During training, the atoms will be moved to the right place by following the indication of \(\tau\) present in the loss.

Learned distribution for each action in two different situations.

In the figure above, you can visualize the CDF for each action in two situations. I used five points to describe the distribution over returns. Some distributions have a support on the return space very tight. It could mean that the agent is more confident on the possible outcomes.

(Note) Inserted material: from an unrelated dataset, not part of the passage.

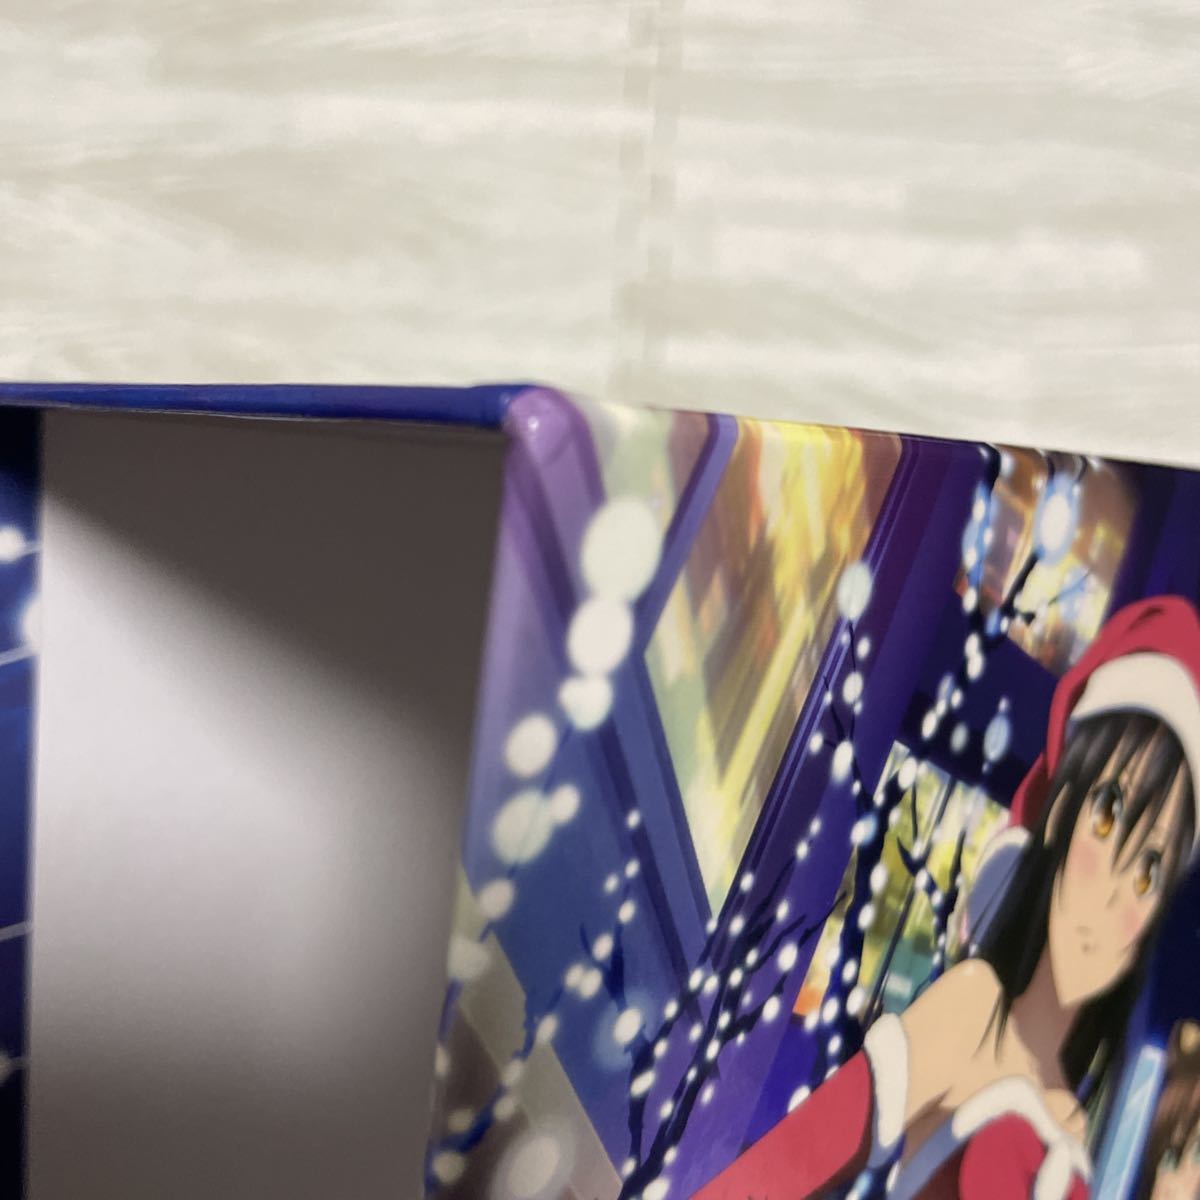 ストライク・ザ・ブラッド IV OVA Blu-ray ＋スペシャルOVA 消えた聖槍篇 全7巻 ソフマップ全巻購入特典 描き下ろし全巻収納BOX

After seeing the result on Lunar Lander, I thought my implementation was good enough to use it on Atari. Papers are benchmarking on this platform so it will be an excellent mean to check if I am right. At the start, I thought l have just a few modifications to do to test it on Pong or Space Invaders. It didn't work out as I expected. In fact, after hours trying to debug, I learned the existence of wrappers used over the Atari games when RL researchers are experimenting on it.

For examples:

**EpisodicLifeEnv**: Convert individual lives in the game into separate episodes.**FireResetEnv**: Pressing FIRE at the beginning of the game**ProcessFrame84**: Convert input observation to grayscale 84x84**ClipRewardEnv**: Clipping the reward to -1, 0 and 1 values. Why? The obtained score can vary among the games.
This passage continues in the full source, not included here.